I’ve written before about the apparent shift in healthcare whereby making sense of the vast quantities of data produced within the system is key to successful treatment of patients.
Nowhere is this moreso than in cancer care. For instance, a team from UCL utilized deep learning earlier this year to more accurately identify cancer cells.
This trend is continued with a second study, which aims to make sense of the cancer data currently sitting in the cancer registry program that’s coordinated by the National Cancer Institute (NCI) and the Centers for Disease Control and Prevention. This database has records of cancer incidences across the US, but the curation of it can often be a hugely time-intensive process as it requires manual editing and annotation from experts for each file.
“The manual model is not scalable,” the team says. “We need to develop new tools that can automate the information-extraction process and truly modernize cancer surveillance in the United States.”
The researchers have been working on this for a few years, but have made considerable progress since adopting deep learning. They developed algorithms to search for and extract valuable information from the reports in the database. When tested on even a small sample, the system proved very capable of uncovering some previously hidden insights.
“Today we’re making decisions about the effectiveness of treatment based on a very small percentage of cancer patients, who may not be representative of the whole patient population,” they say. “Our work shows deep learning’s potential for creating resources that can capture the effectiveness of cancer treatments and diagnostic procedures and give the cancer community a greater understanding of how they perform in real life.”
The team first set about ensuring the system had a contextual understanding by feeding the neural network a load of data. The researchers accelerated this by conducted multiple calculations at the same time.
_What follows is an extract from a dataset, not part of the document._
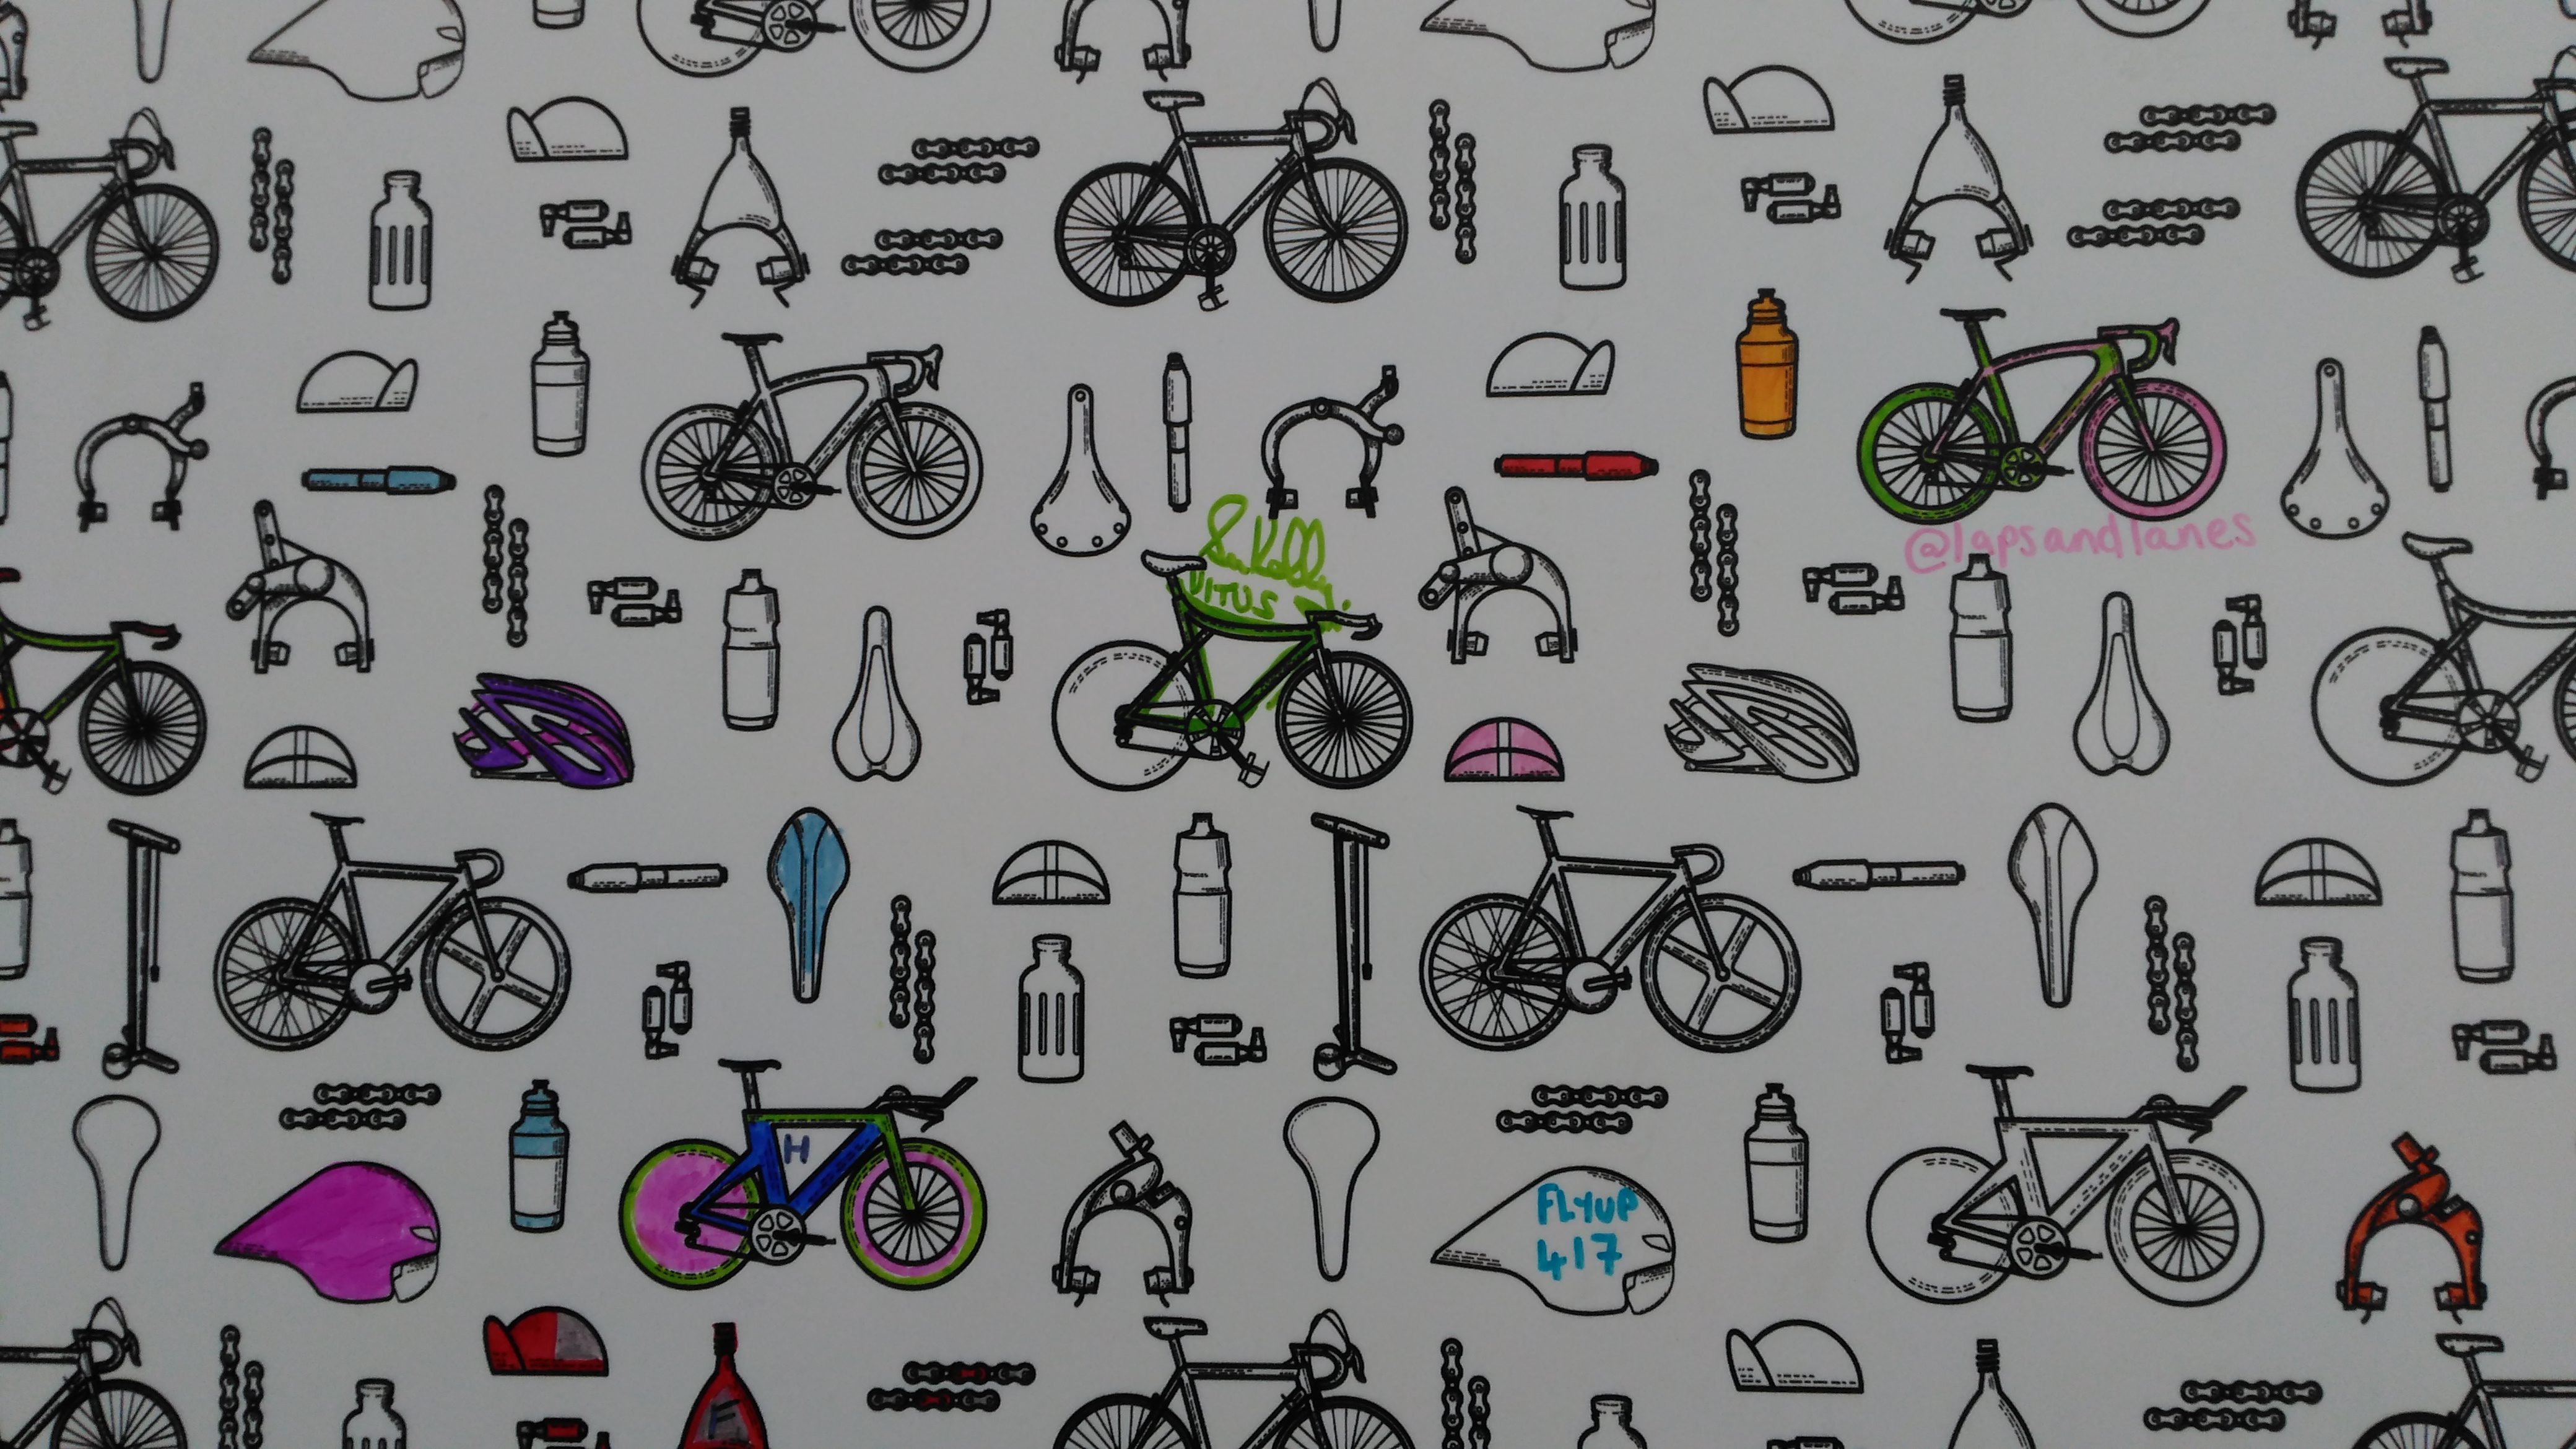 Wallpaper signed by Sean Kelly

When this algorithm was programmed to perform multitask learning, its performance went up considerably, especially compared to more traditional methods.
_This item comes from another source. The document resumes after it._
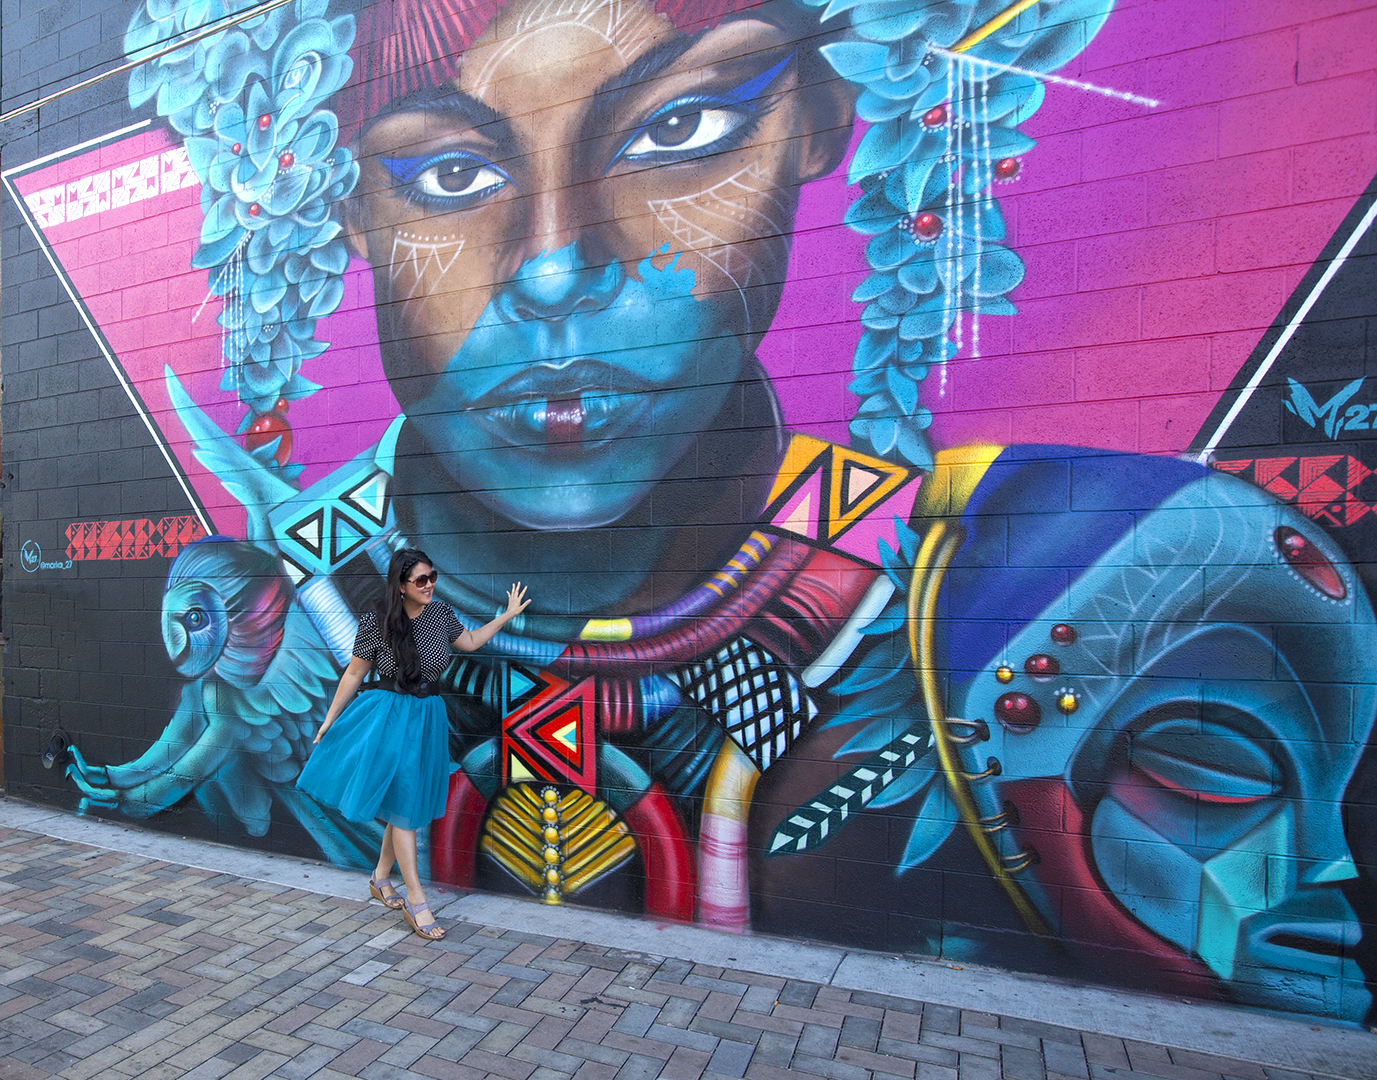 Denver Sites to See - RiNo Art District

“Intuitively this makes sense because carrying out the more difficult objective is where learning the context of related tasks becomes beneficial,” the team says. “Humans can do this type of learning because we understand the contextual relationships between words. This is what we’re trying to implement with deep learning.”
To further test the approach, the team conducted a second study on a more complex data challenge. They set out to use deep learning to connect up the origins of a cancer with a topological code, thus providing a very high level of granularity.
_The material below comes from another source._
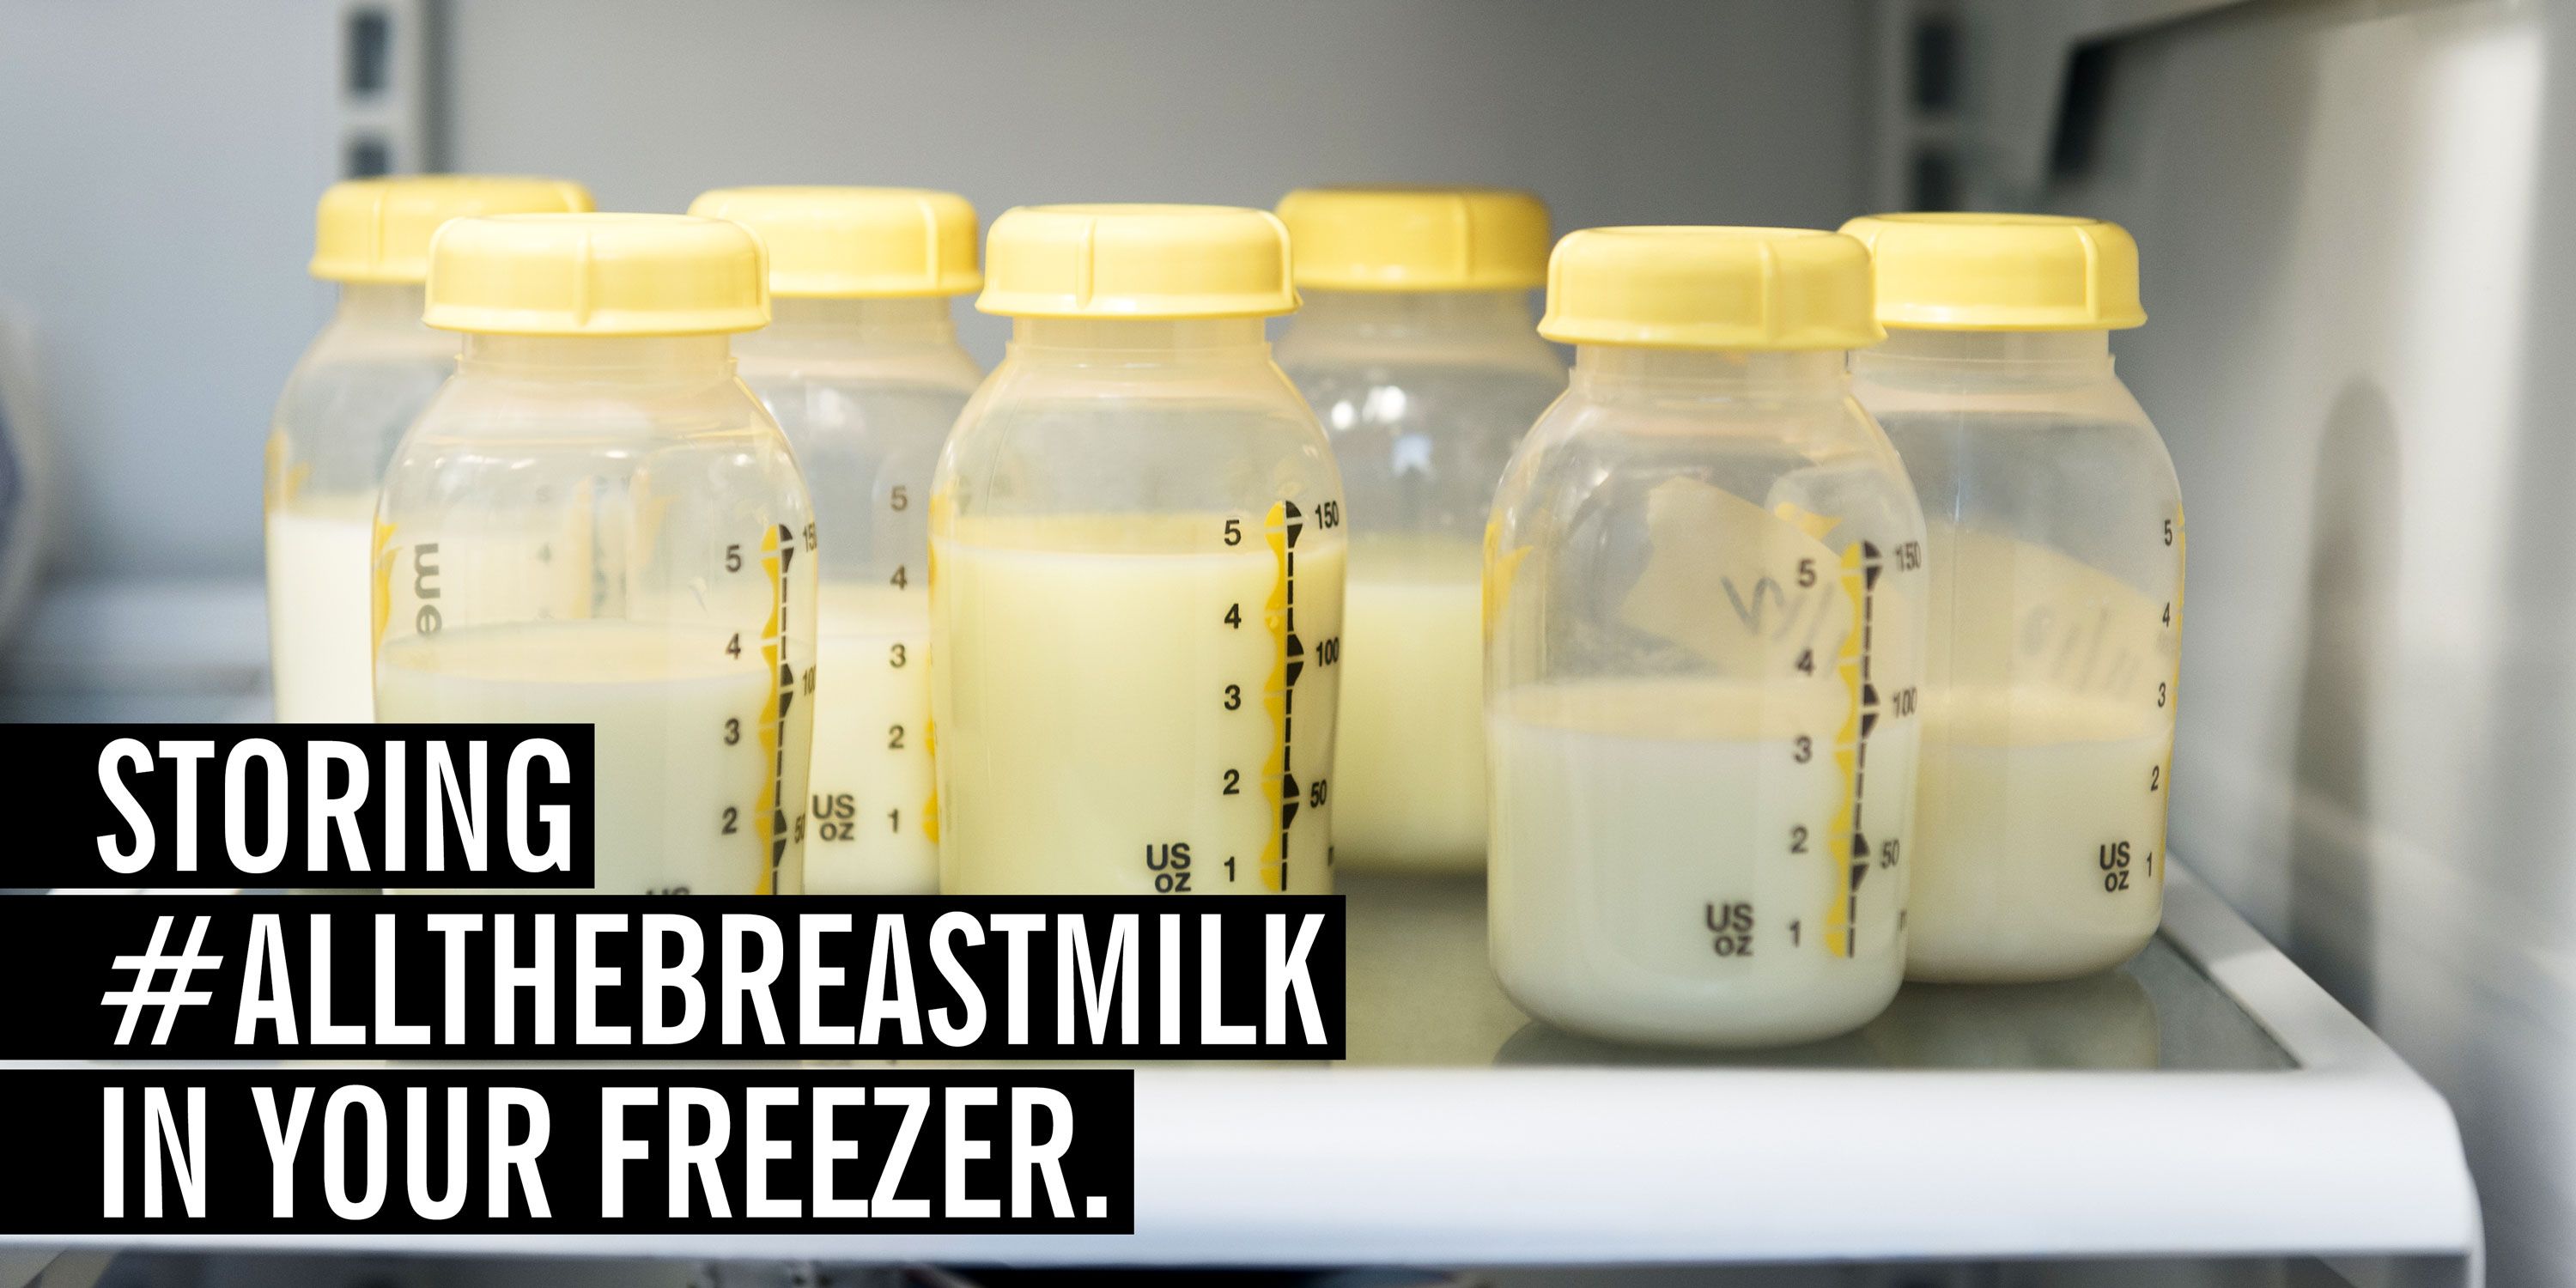 22 Reasons Why Pumping Breast Milk Is the Absolute Worst

By using the convolutional neural networking approach typically deployed in image recognition, they were able to feed the algorithm data from a range of sources. The algorithm then created a model from this data to make connections between words.
The results from initial tests are certainly promising, and the team hopes to scale up their work with larger datasets, with the algorithms performing under reduced supervision.
Becoming more adept at deriving insights from vast datasets like this is likely to be increasingly important for the quality of healthcare in future. Hopefully, the lessons from these various projects are readily shared around the industry so we become collectively wiser as a result. The researchers themselves admit that they have barely scratched the surface of what can be achieved, so it will be exciting to follow progress in the coming years.